Fifteen years ago, defendant Jeff Levenderis produced ricin in his kitchen and stored it in his freezer. Levenderis intended to use the ricin for various purposes, including an elaborate suicide plot in which he would light his house on fire and hang bottles of ricin in the doorway to prevent firefighters from entering his home. The federal government prosecuted Levenderis for possessing a biological toxin for use as a weapon in violation of 18 U.S.C. § 175(a). On appeal, Levenderis argues that, in light of the Supreme Court's recent decision in Bond v. United States,––– U.S. ––––, 134 S.Ct. 2077, 189 L.Ed.2d 1 (2014), the federal prohibition on biological weapons does not apply to his allegedly “purely local” conduct. We disagree and affirm.

I.

Sometime around 2000 when he was approximately 44 years old, Jeff Levenderis obtained a handful of castor beans. Using a “recipe” he found on the Internet, he ground the beans into a fine powder, which he further distilled in an acetone solution. The end result was a “high-grade” form of ricin: a deadly toxin capable of killing every cell it comes in contact with. Levenderis divided the finished product into three pill bottles, which he stored in a coffee can in his freezer. The coffee can remained in defendant's freezer until an FBI HAZMAT team removed it in January 2011.

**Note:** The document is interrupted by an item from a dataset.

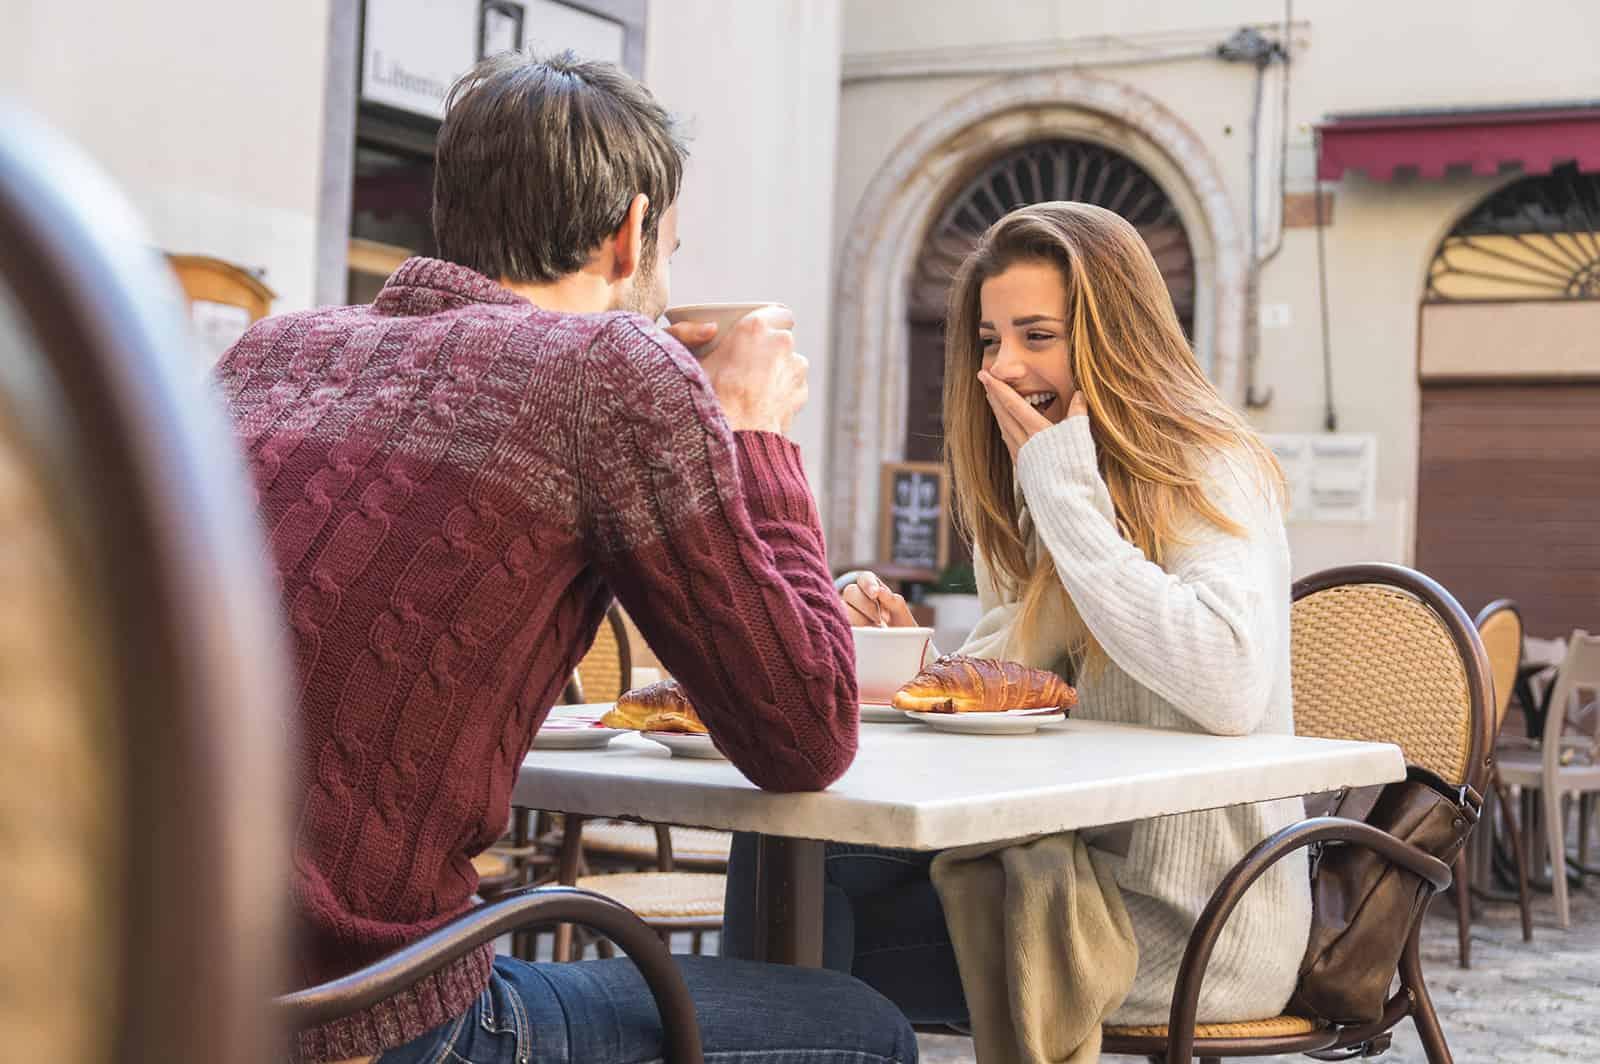 eine lachende Frau, die mit einem Mann im Café sitzt und zusammen frühstückt

The FBI discovered Levenderis' ricin activities through a series of unfortunate, health-related events in his life. In the fall of 2010, he fell ill, was hospitalized, and was later admitted to a long-term nursing facility. While Levenderis was away, an acquaintance, Robert Coffman, agreed to help him with the upkeep of his house. After roughly two months, Levenderis asked Coffman to check whether a coffee can was still in the freezer and, if so, not to disturb it. Coffman reported back that it was, and defendant eventually disclosed to him that the can contained ricin. After discussing various ways to dispose of it, the two decided to contact the fire department. On January 24, 2011, Coffman made inquiries with the local fire department. Within thirty minutes, Coffman received a phone call from the FBI.

The same day, the FBI visited Levenderis at his nursing home. Three agents arrived at the nursing home and saw defendant standing in the hallway near the door to his room. They identified themselves as FBI agents and asked if they could speak with him. All four proceeded into his room, where defendant laid down on his bed, and the agents sat in chairs in various parts of the room. When asked whether there was a dangerous substance in his freezer, defendant said that he had made ant poison using a recipe he found on the Internet. The agents asked whether he ever told Coffman it was ricin; defendant said that if he did, he was only joking. After being advised that lying to the FBI is a federal offense, defendant still maintained that the substance was ant poison.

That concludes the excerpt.